* [What you will do]
Copy the records word for word. Pictures do not go in.

--

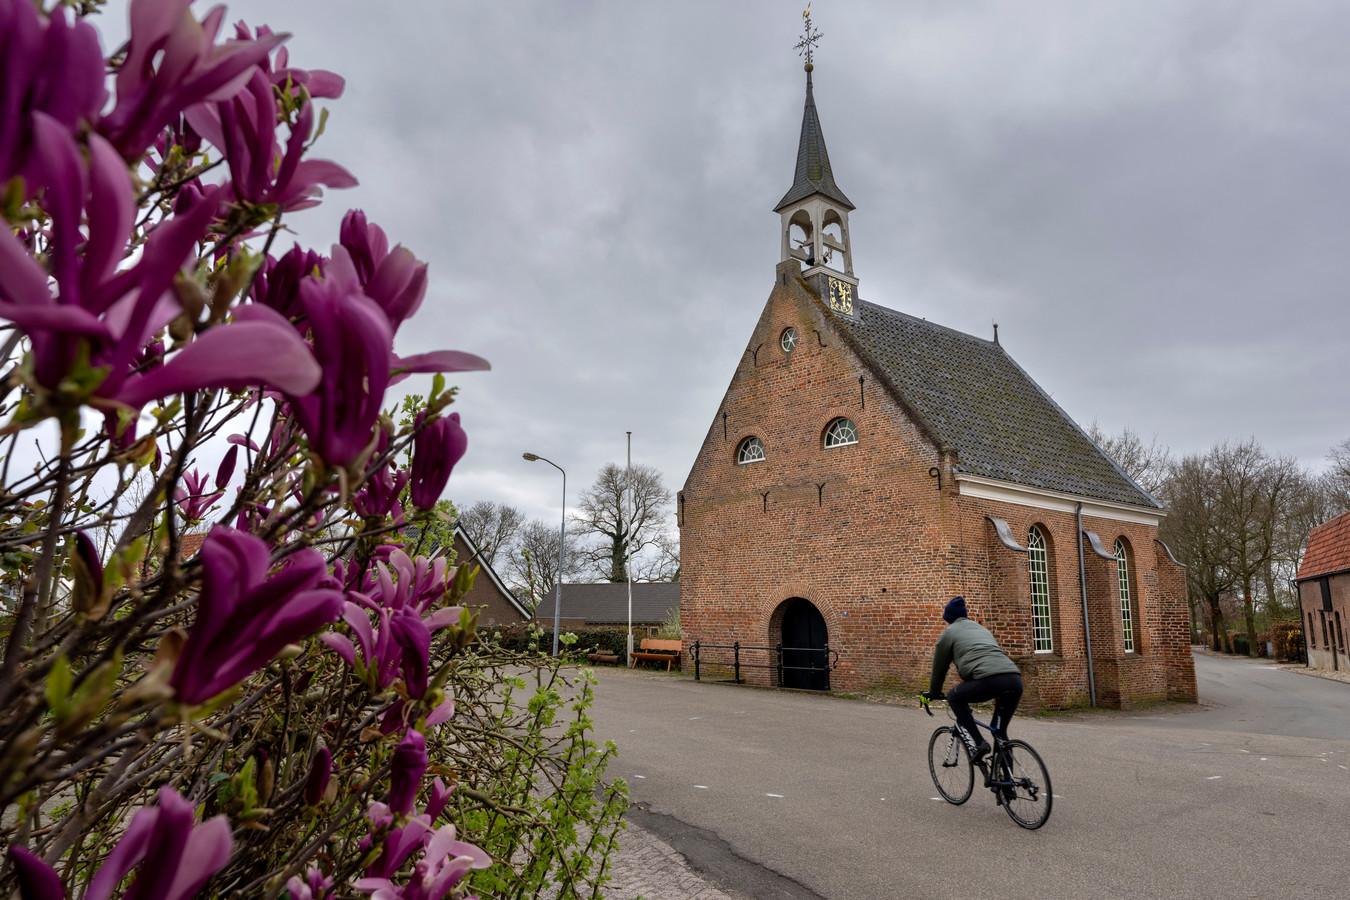 De dorpsraad had plannen voor het Sint-Odradakerkje, waarin tot november het Nederlands Dakpannenmuseum was gevestigd..
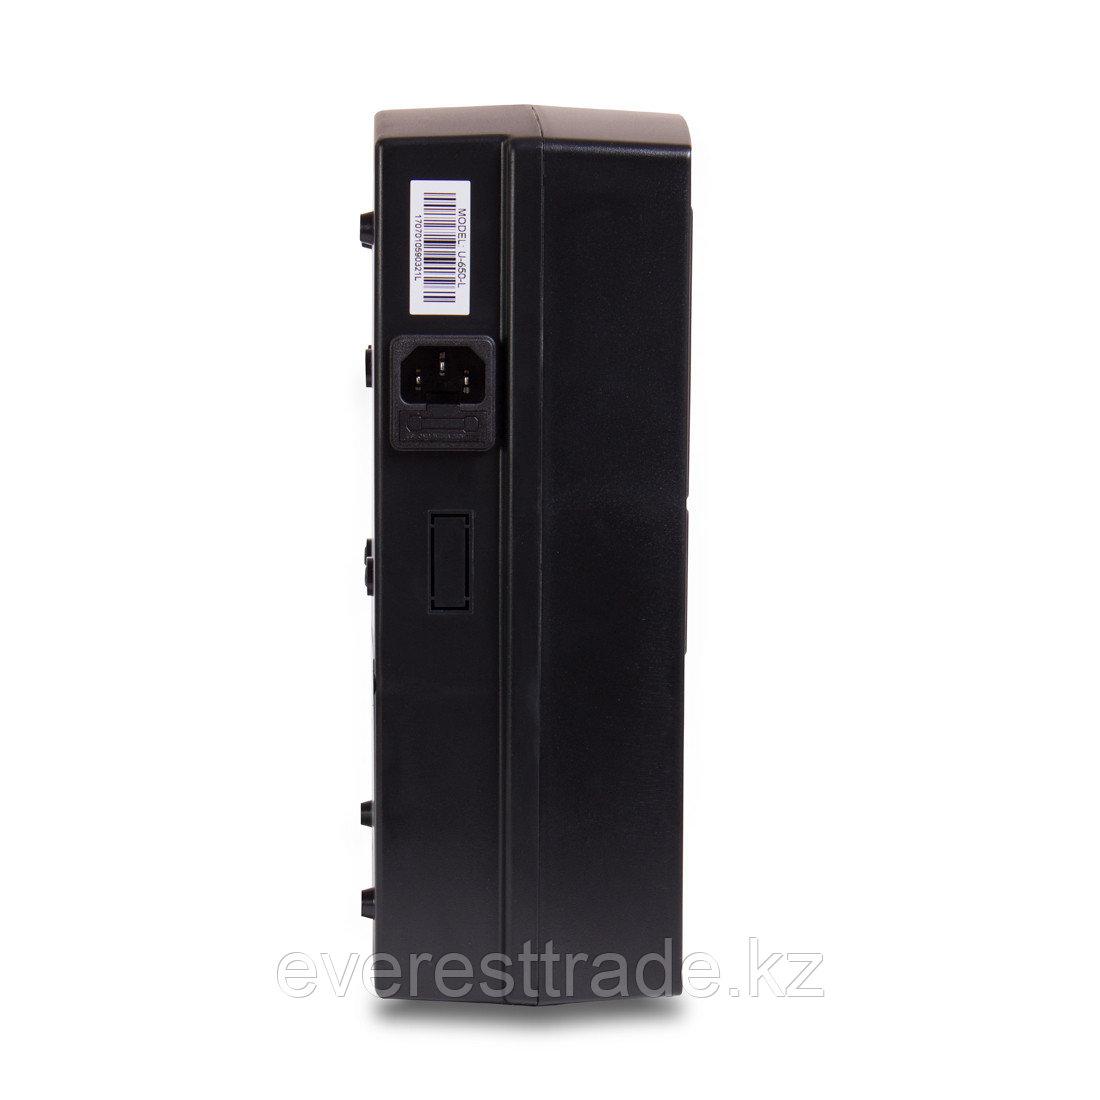 ИБП с функцией сетевого фильтра SVC U-650-L
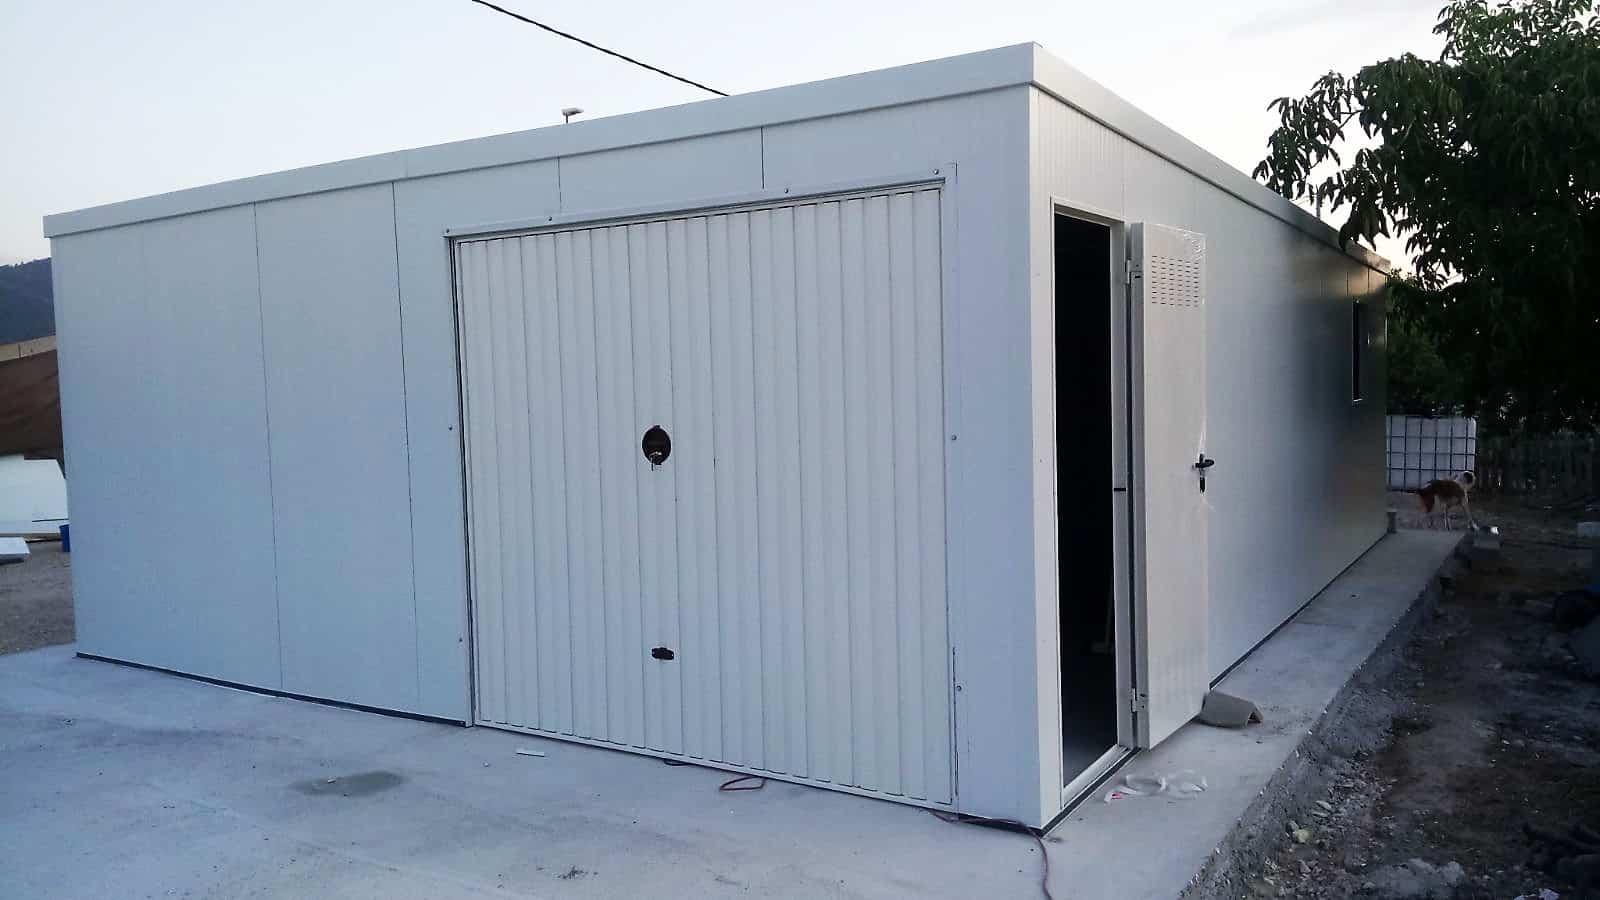 Garajes prefabricados archives trasteros prefabricados amplia - Refugios de madera prefabricados ...
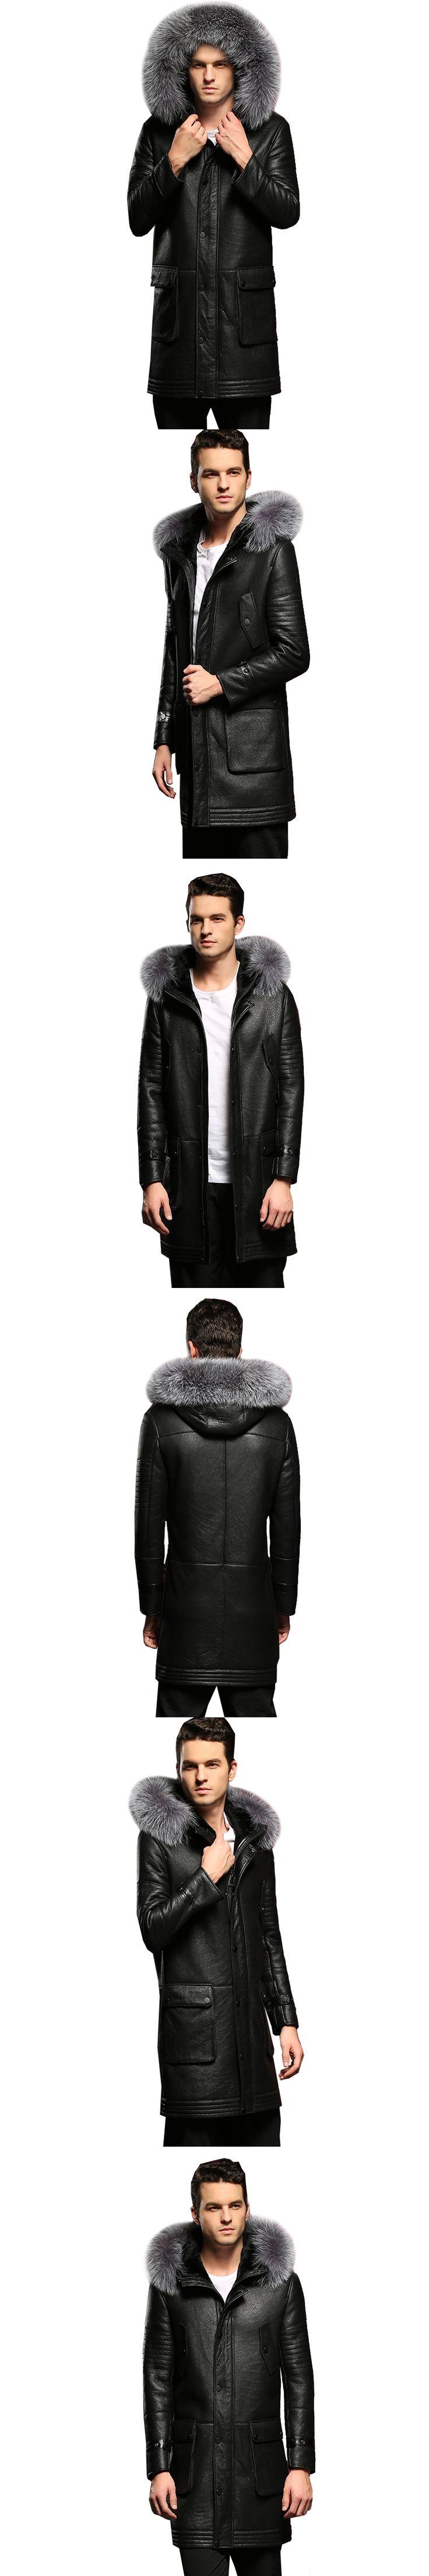 100% Guaranteed Real Sheepskin Fur Coat Genuine Full Pelt Shearling Male Formal Winter Clothing Sheepskin Jacket Men Fur Outwear
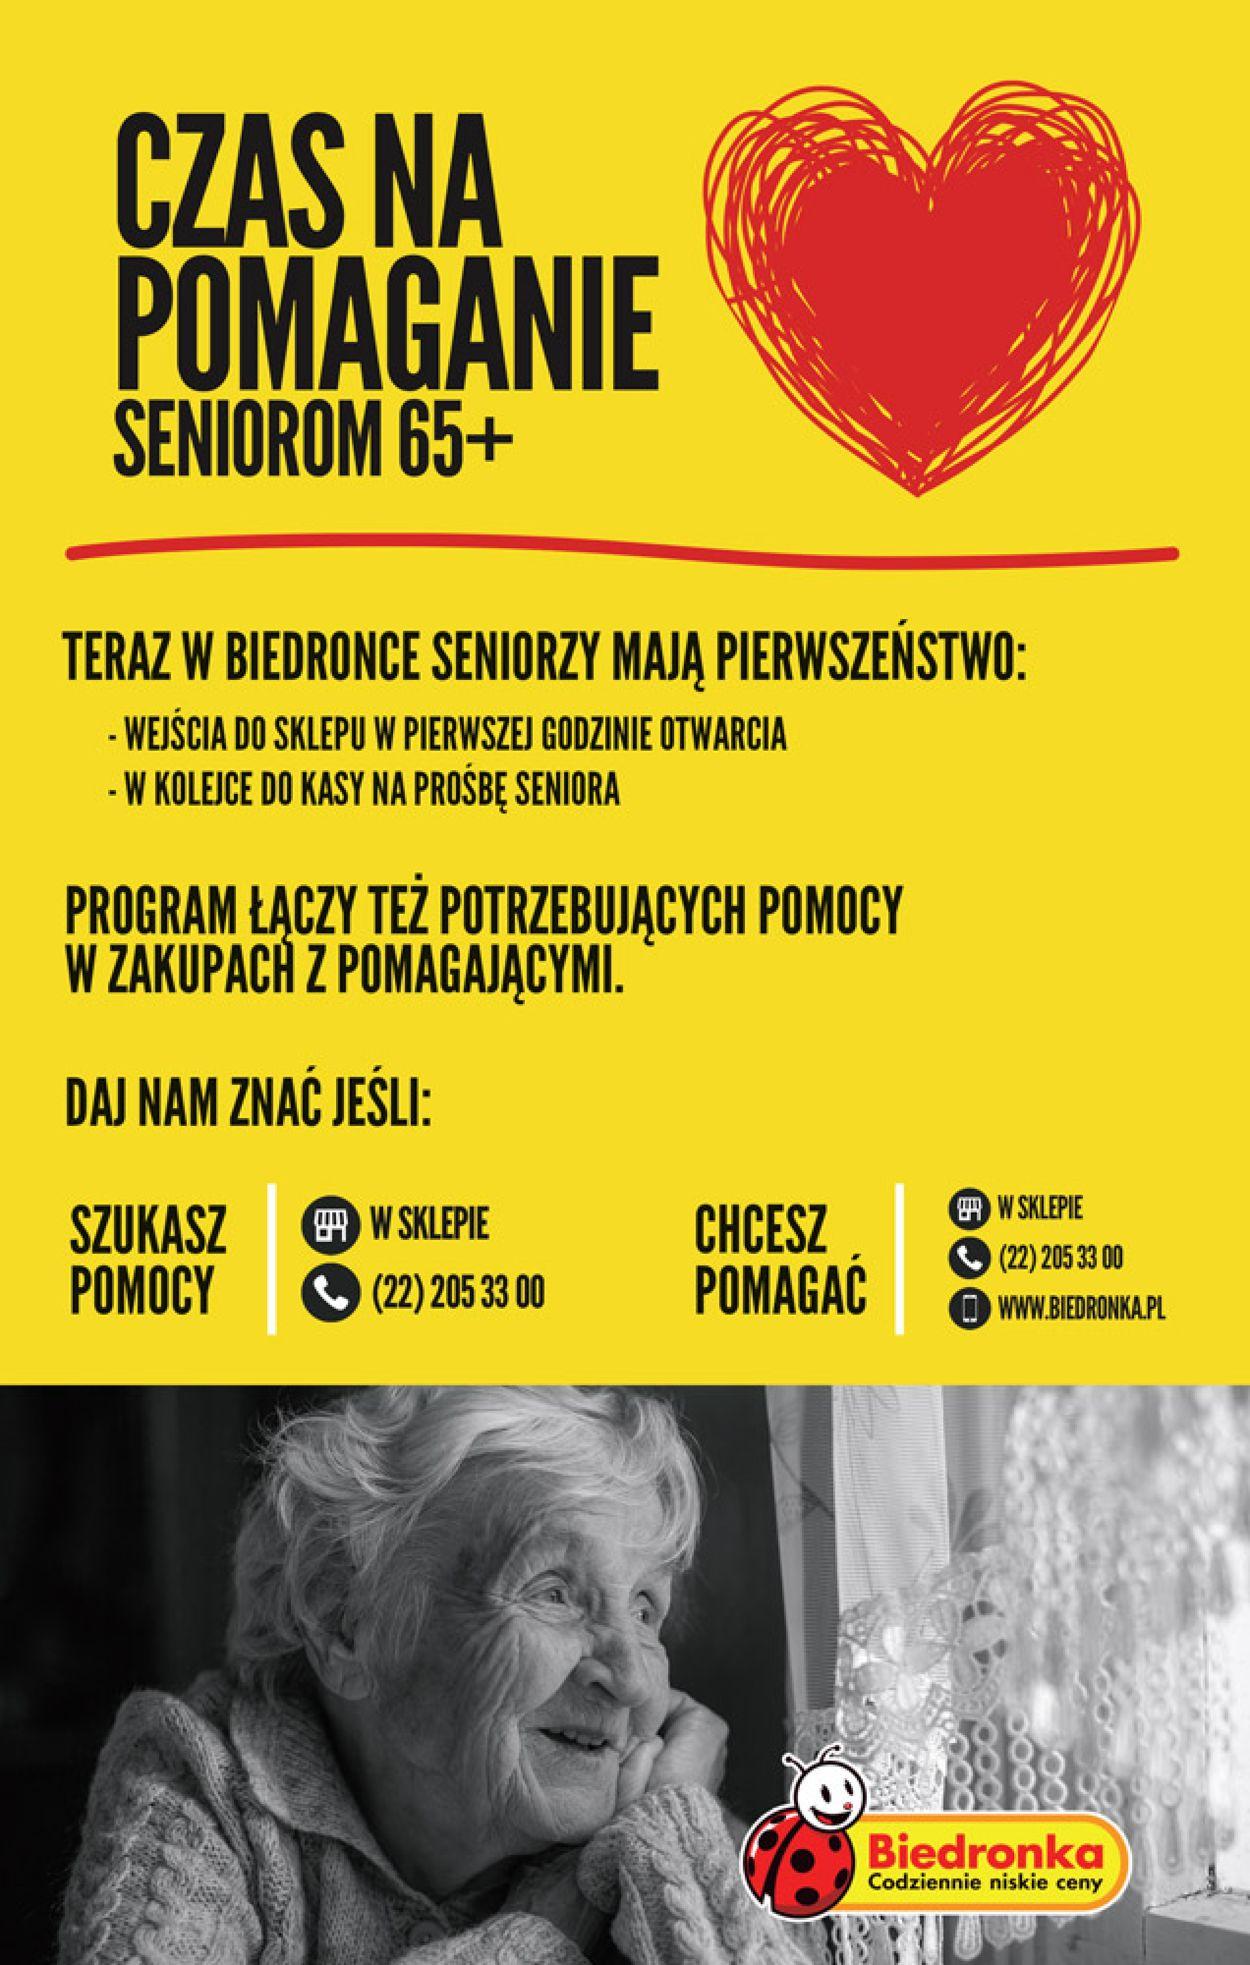 Gazetka promocyjna Biedronka - 26.03-01.04.2020 (Strona 64)

--

* [Answer space]
 De dorpsraad had plannen voor het Sint-Odradakerkje, waarin tot november het Nederlands Dakpannenmuseum was gevestigd..
 ИБП с функцией сетевого фильтра SVC U-650-L
 Garajes prefabricados archives trasteros prefabricados amplia - Refugios de madera prefabricados ...
 100% Guaranteed Real Sheepskin Fur Coat Genuine Full Pelt Shearling Male Formal Winter Clothing Sheepskin Jacket Men Fur Outwear
 Gazetka promocyjna Biedronka - 26.03-01.04.2020 (Strona 64)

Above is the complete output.